◆ PROVIDED MATERIAL
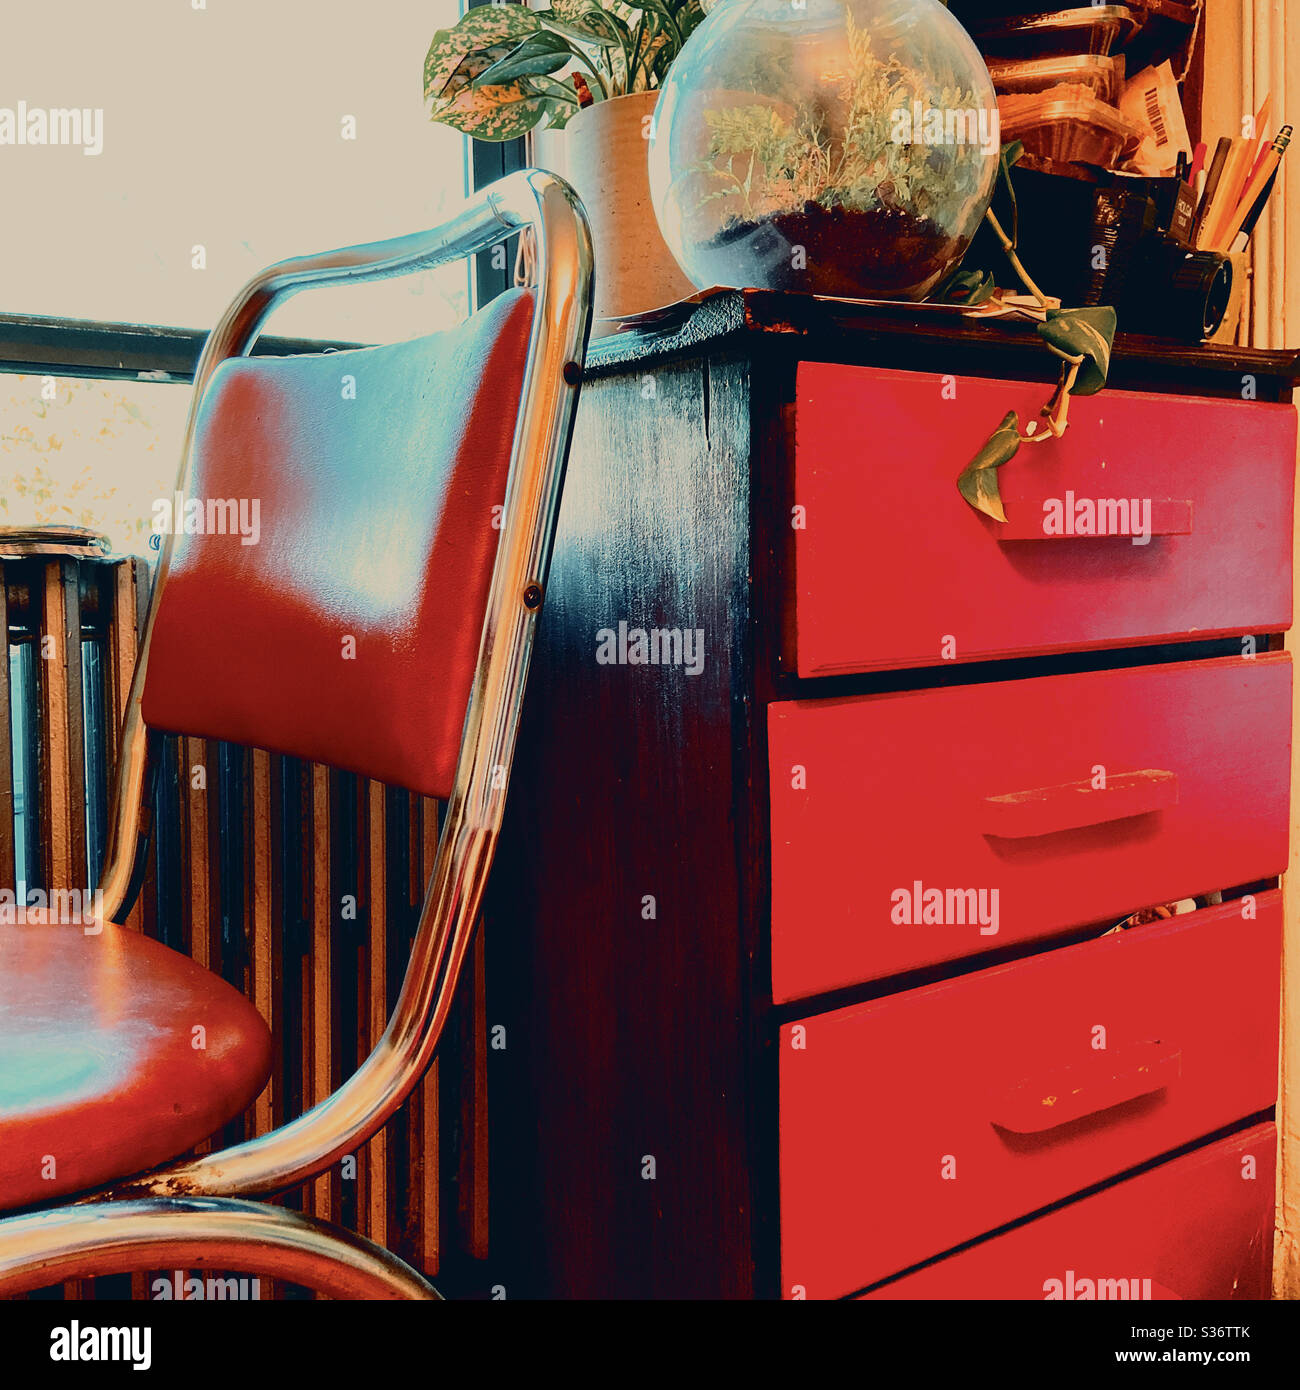 A red chair next to a red chest of drawers with plants Stock Photo
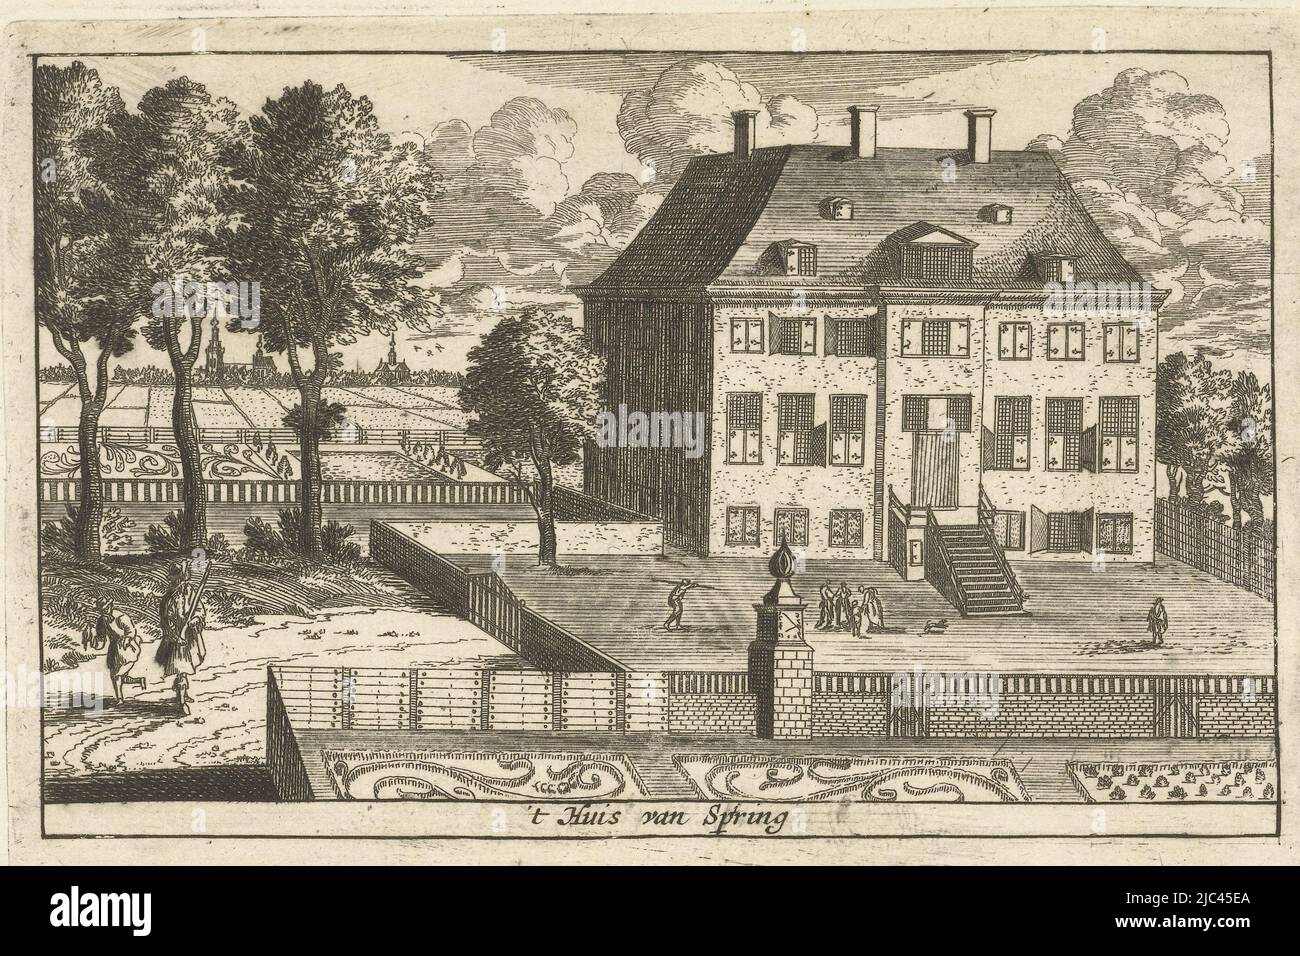 A country house with garden depicting several people and a dog. Part of a mirror symmetrical garden is visible in the foreground and a sundial on the stone pillar of the fence. On the path outside the gardens are a falconer and a hunter., Country house with falconer 't Huis van Spring (title on object) 't Huis van Spiring (title on object), print maker: Cornelis Elandts, The Hague, 1663 - 1670, paper, etching, h 116 mm × w 168 mm Stock Photo
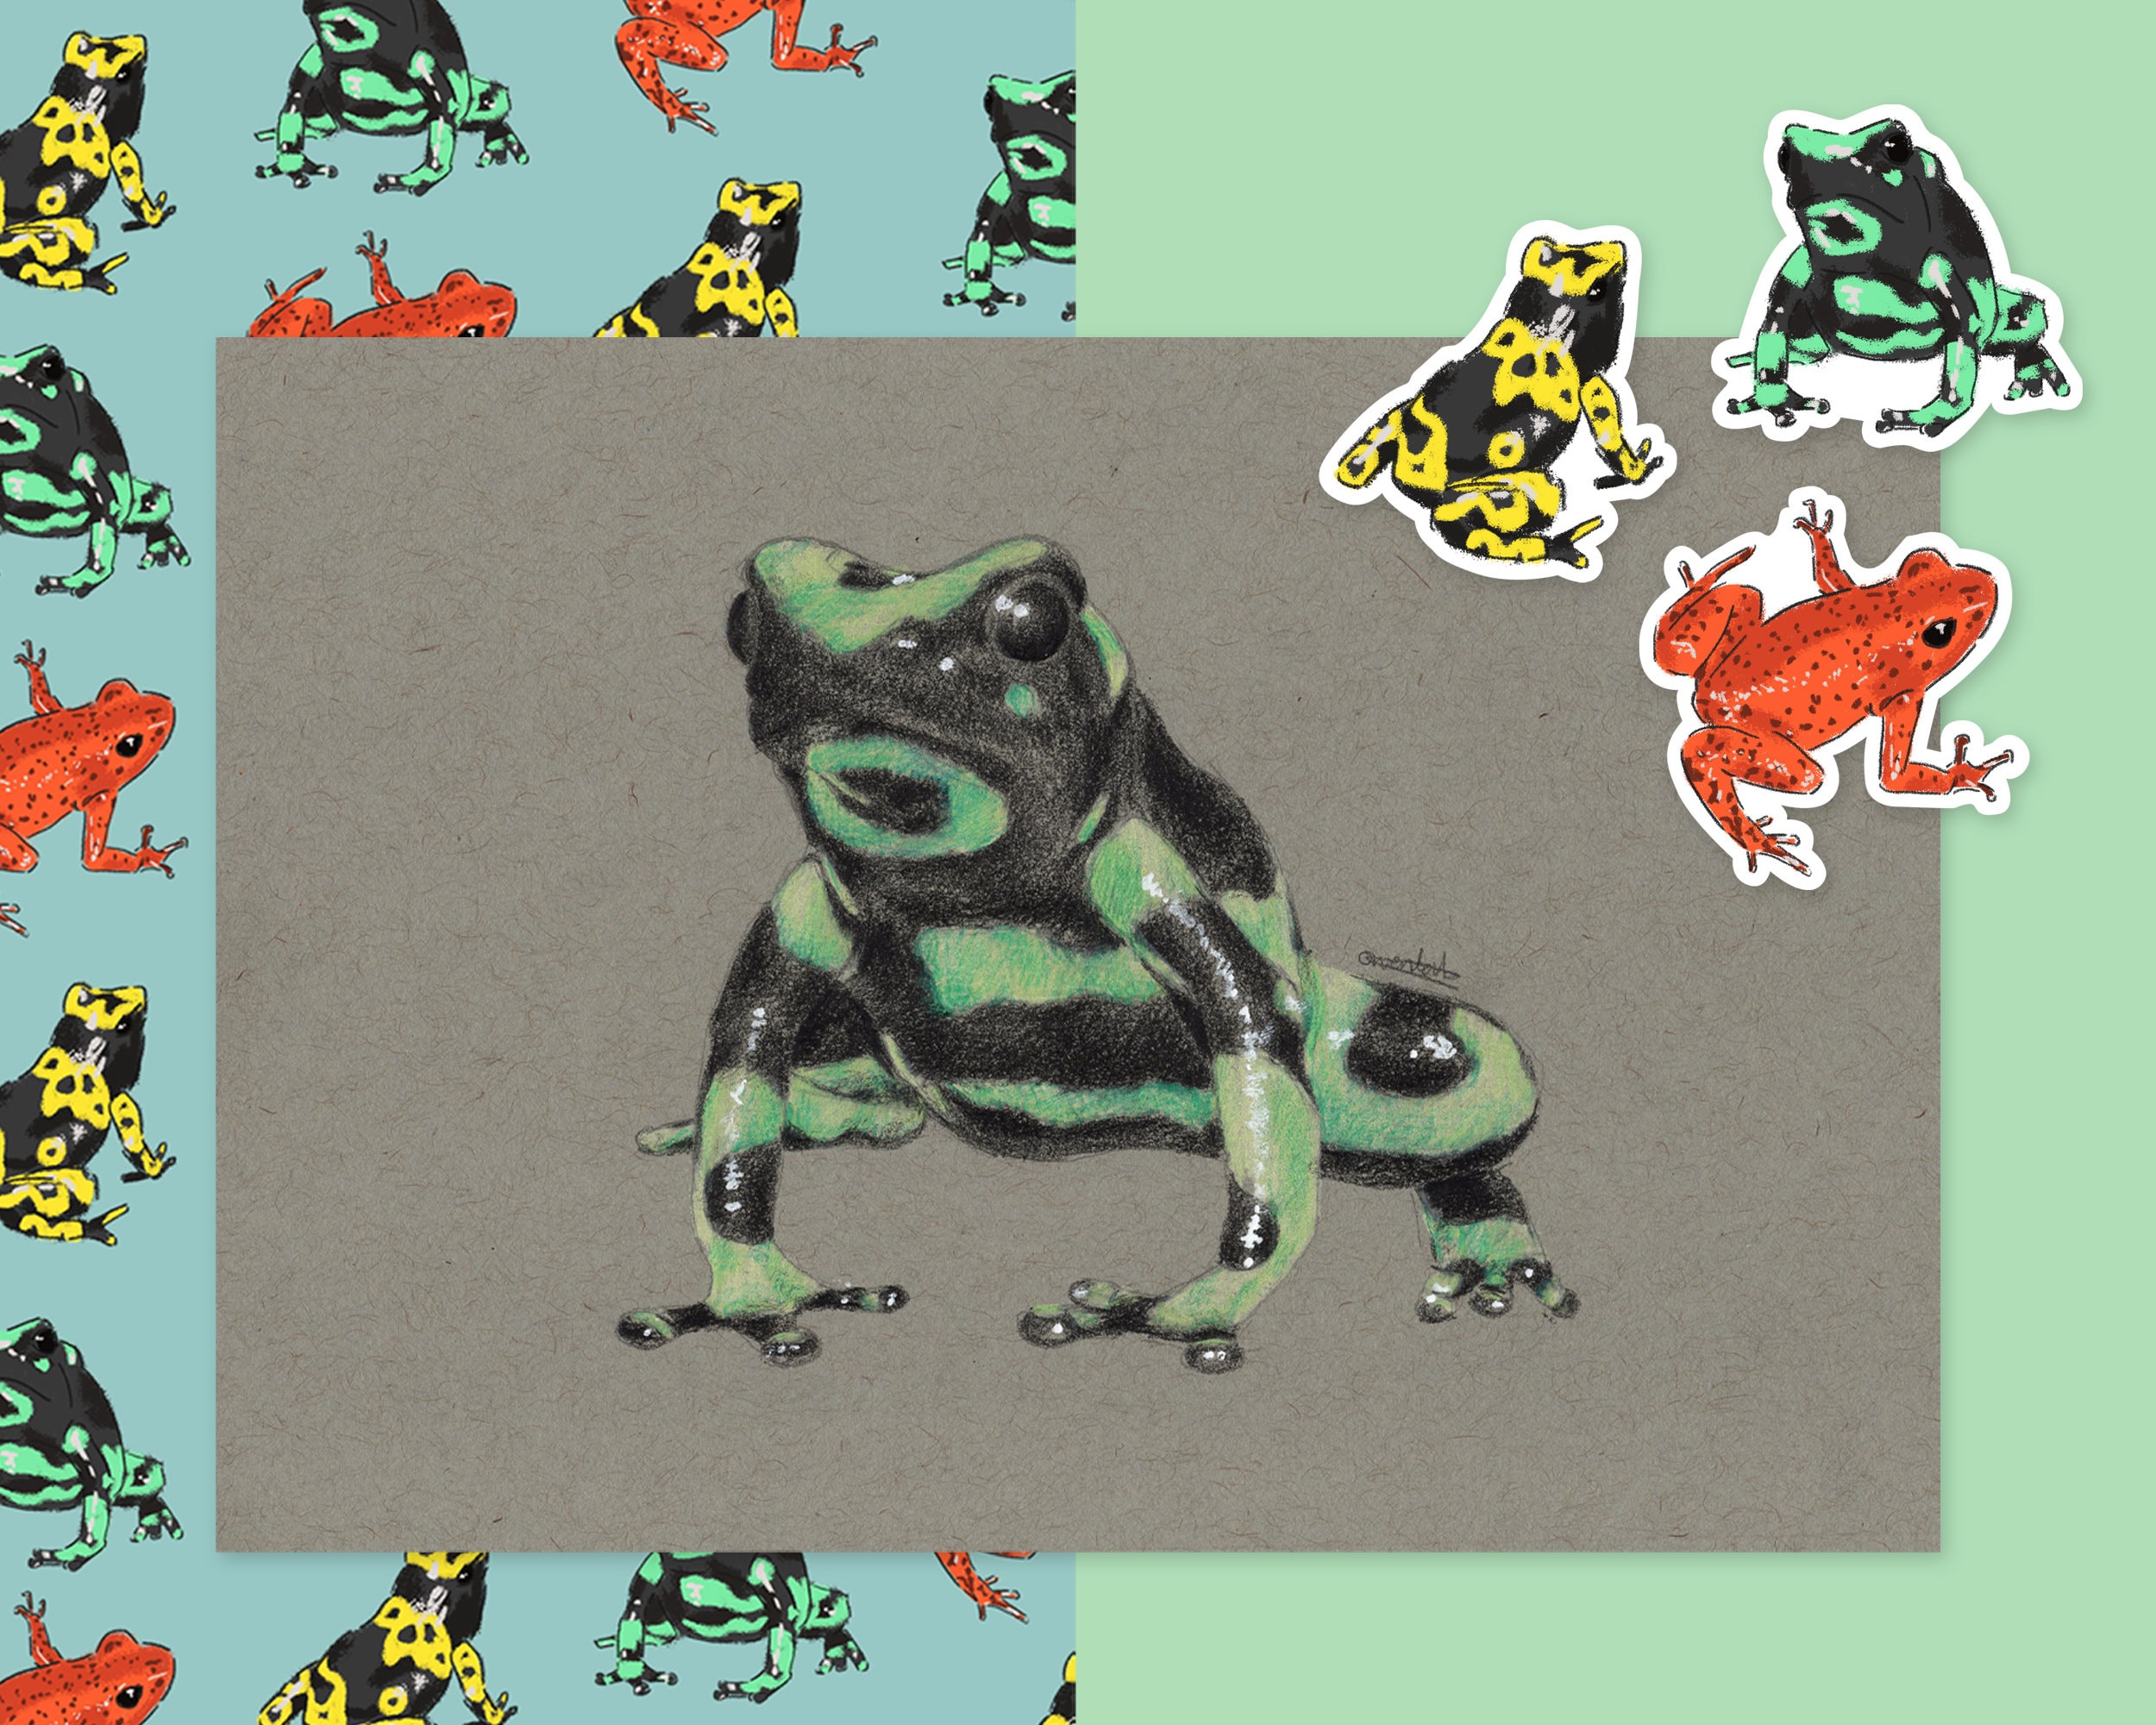 A drawing of an animal with many stickers - Frog

◆ WHAT YOU WILL DO
Nothing but the lines from the one with "A country house" through the last line of the material above should appear in the answer, each copied exactly, with no pictures.

◆ SOLUTION TO THIS TASK
 A country house with garden depicting several people and a dog. Part of a mirror symmetrical garden is visible in the foreground and a sundial on the stone pillar of the fence. On the path outside the gardens are a falconer and a hunter., Country house with falconer 't Huis van Spring (title on object) 't Huis van Spiring (title on object), print maker: Cornelis Elandts, The Hague, 1663 - 1670, paper, etching, h 116 mm × w 168 mm Stock Photo
 A drawing of an animal with many stickers - Frog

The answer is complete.